A former MedSchoolCoach client, Rebekah Sayre, joins us in this episode. Rebekah has recently gained an acceptance to medical school after taking three gap years. She shares her approach to the application process and how MedSchoolCoach guided her along the way.[2:03] The difference between an EMT and a paramedic.
EMTs cover basic life support skills such as splinting. There are limitations on the amount of medication they can give and things they can do under their medical direction, whereas paramedics have an extended scope. For example, they can insert IVs and give more types of medication.[5:05] Rebekah’s career goals.
In her time working in an ambulance, Rebekah didn’t like the limited amount of follow-up care she could provide. She has helped people and never seen them again. Therefore, a goal of hers is to find balance in something that offers acute care as a speciality but also follow-up care. There are a lot of specialties that Rebekah is considering, such as OB GYN, surgery, and pediatrics.[7:20] Advice for pre-medical students to make the most of their college years.
Be intentional with the things you pursue, but also be true and honest to yourself when picking extracurriculars, research, and majors. Rebekah is still not sure what separated her from thousands of other applicants. She reflected on what would make her happy and followed things that sparked her interest. When she spoke about this in interviews, it sounded organic and natural because it was.[9:11] What made Rebekah consider MedSchoolCoach.
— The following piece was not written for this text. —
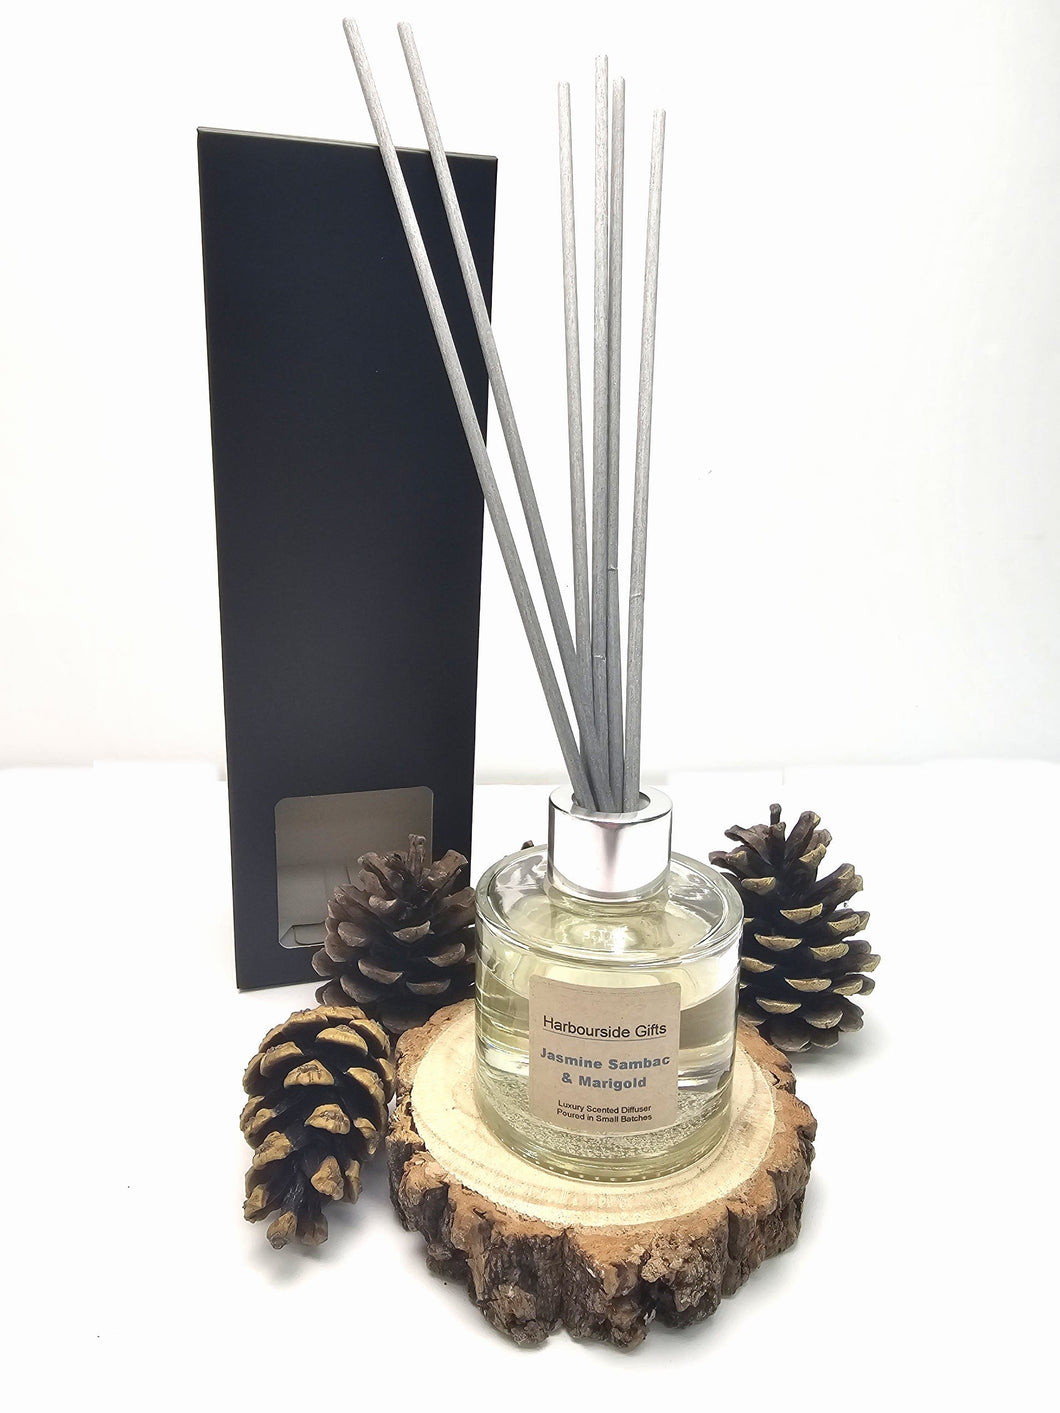 Jasmine Sambac & Marigold Oil Reed Diffuser 100ml with 6 High Quality Reeds in Gift Box JSMDIFF100 Harbourside Gifts

MedSchoolCoach removed the mystique of figuring out things like the ideal submission time and what level of personalization to use in her communications with med schools. It helped Rebekah feel like she was doing what she needed to do and was making informed decisions as opposed to being reactionary.[11:02] Surprises that Rebekah found in the application process.
Rebekah truly did not feel blindsided by anything in the process. There were still nervous and exciting parts, but she felt that MedSchoolCoach prepared her thoroughly. In a cool way, Rebekah didn’t expect to have the level of self-awareness that she does.[14:22] Advice about realizing the application process is not as difficult as it is made out to be.
Surround yourself with people who are smarter and more experienced than you that you trust to give good guidance. Figure out what you’re bringing to the table and just focus on that. Rebekah says that she finds the application process to be strangely similar to online dating.[16:20] The most interesting question that Rebekah was asked in an interview.
Rebekah liked when schools took the time to really understand her thoughts on topics like ethics and management. She was once asked about how she would handle starting a new job, and it was so far outside the realm of what she expected to be asked. It was challenging and fun to answer.
She kept working in an ambulance as she did during university, eventually transitioning into teaching and working as a community paramedic. Doing these activities helped to grow her passion for medicine.[20:31] Things that Rebekah is looking forward to.
She is excited for the depth and breadth of knowledge that she will be exposed to.[22:19] The biggest challenge that Rebekah has faced.
She had terrible imposter syndrome when she was an undergrad. It took her a long time to build the confidence to see herself as a physician.